In another embodiment, oligonucleotides (one or both of which may
be labeled) can be used as PCR primers, either for cloning full
length or a fragment of mER, or to detect the presence of nucleic
acids encoding mER. In a further embodiment, an oligonucleotide of
the invention can form a triple helix with a mER DNA molecule.
Generally, oligonucleotides are prepared synthetically, preferably
on a nucleic acid synthesizer. Accordingly, oligonucleotides can be
prepared with non-naturally occurring phosphoester analog bonds,
such as thioester bonds, etc.
[0062] Hybridization of the oligonucleotide to a nucleic acid
sequence in a DNA library would indicate the presence of the
sequence that encodes the protein of the present invention. The
nucleotide can be isolated and the nucleotide sequence can be
determined by any method known in the art. Such methods include,
but are not limited to, the Sanger method and the Maxam-Gilbert
method. Identification of the coding sequence of the protein of the
present invention allows one to assess the effect of mutations in
the sequence on the function of the protein.

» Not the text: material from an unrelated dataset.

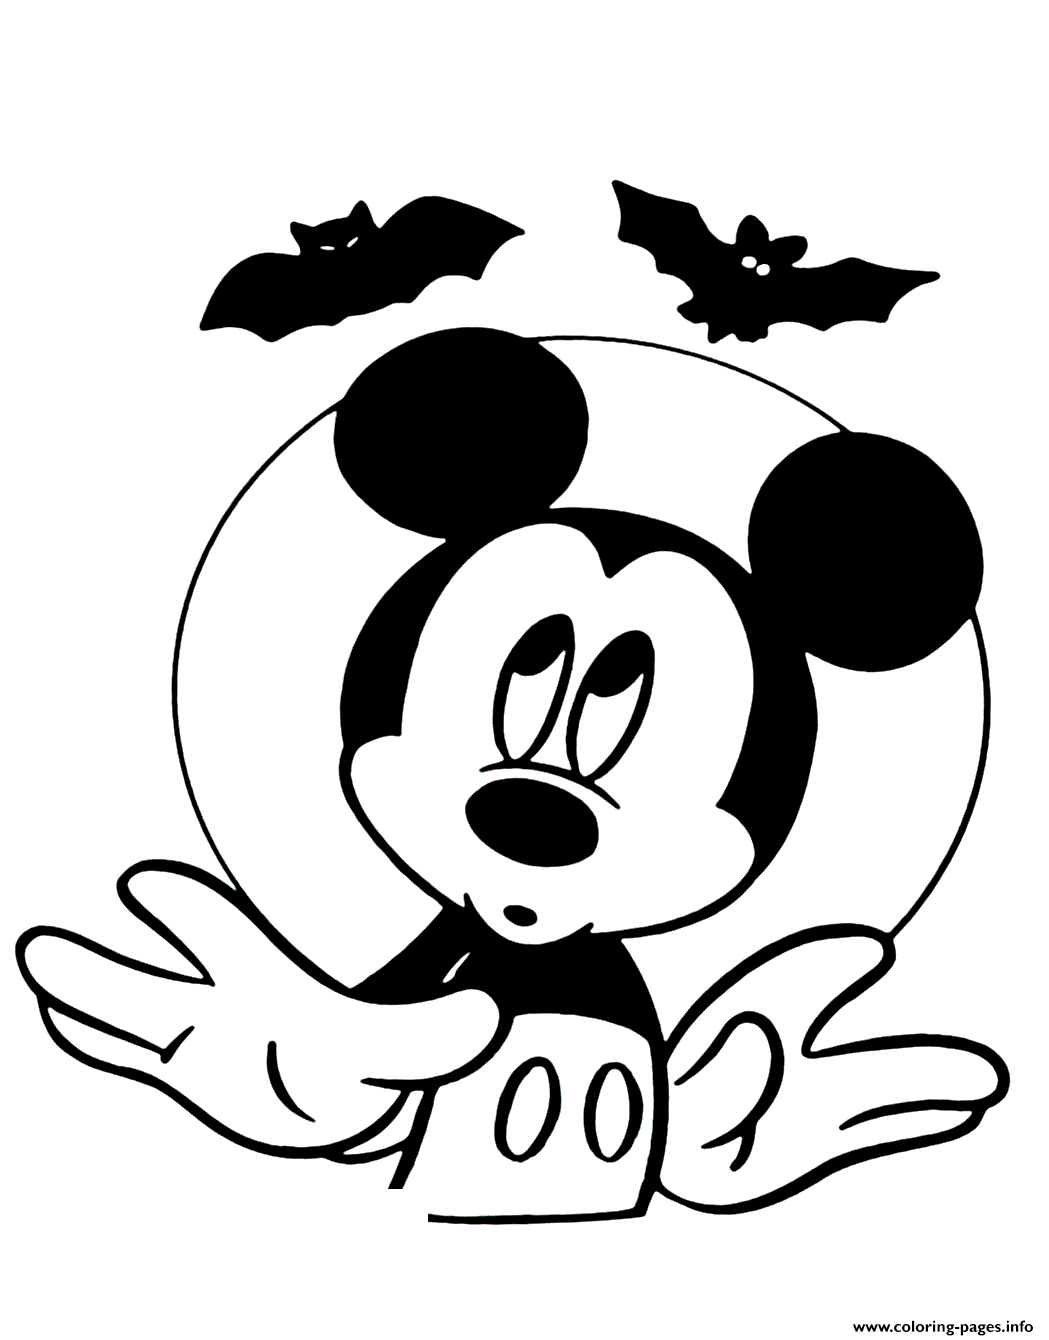 Printable Mickey Mouse Halloween Coloring Pages coloringpages2019

[0063] The mER analogs can be made by altering encoding nucleic
acid sequences by substitutions, additions or deletions that
provide for functionally similar molecules, i.e., molecules that
perform one or more mER functions. In a specific embodiment, an
analog of mER is a sequence-conservative variant of mER. In another
embodiment, an analog of mER is a function-conservative variant. In
yet another embodiment, an analog of mER is an allelic variant or a
homologous variant from another species. In an embodiment, human
variants of mER are described.
[0064] The mER derivatives include, but are by no means limited to,
phosphorylated mER, glycosylated mER, methylated mER, acylated mER,
and other mER proteins that are otherwise chemically modified. The
mER derivatives also include labeled variants, e.g., radio-labeled
with iodine (or, as pointed out above, phosphorous); a detectable
molecule, such as but by no means limited to biotin, a chelating
group complexed with a metal ion, a chromophore or fluorophore, a
gold colloid, or a particle such as a latex bead; or attached to a
water soluble polymer.
[0065] In accordance with the present invention there may be
employed conventional molecular biology, microbiology, and
recombinant DNA techniques within the skill of the art. Such
techniques are explained fully in the literature. See, e.g.,
Sambrook, Fritsch & Maniatis, Molecular Cloning: A Laboratory
Manual, Second Edition (1989) Cold Spring Harbor Laboratory Press,
Cold Spring Harbor. New York (herein "Sambrook et al., 1989"); DNA
Cloning: A Practical Approach, Volumes I and II (D. N. Glover ed.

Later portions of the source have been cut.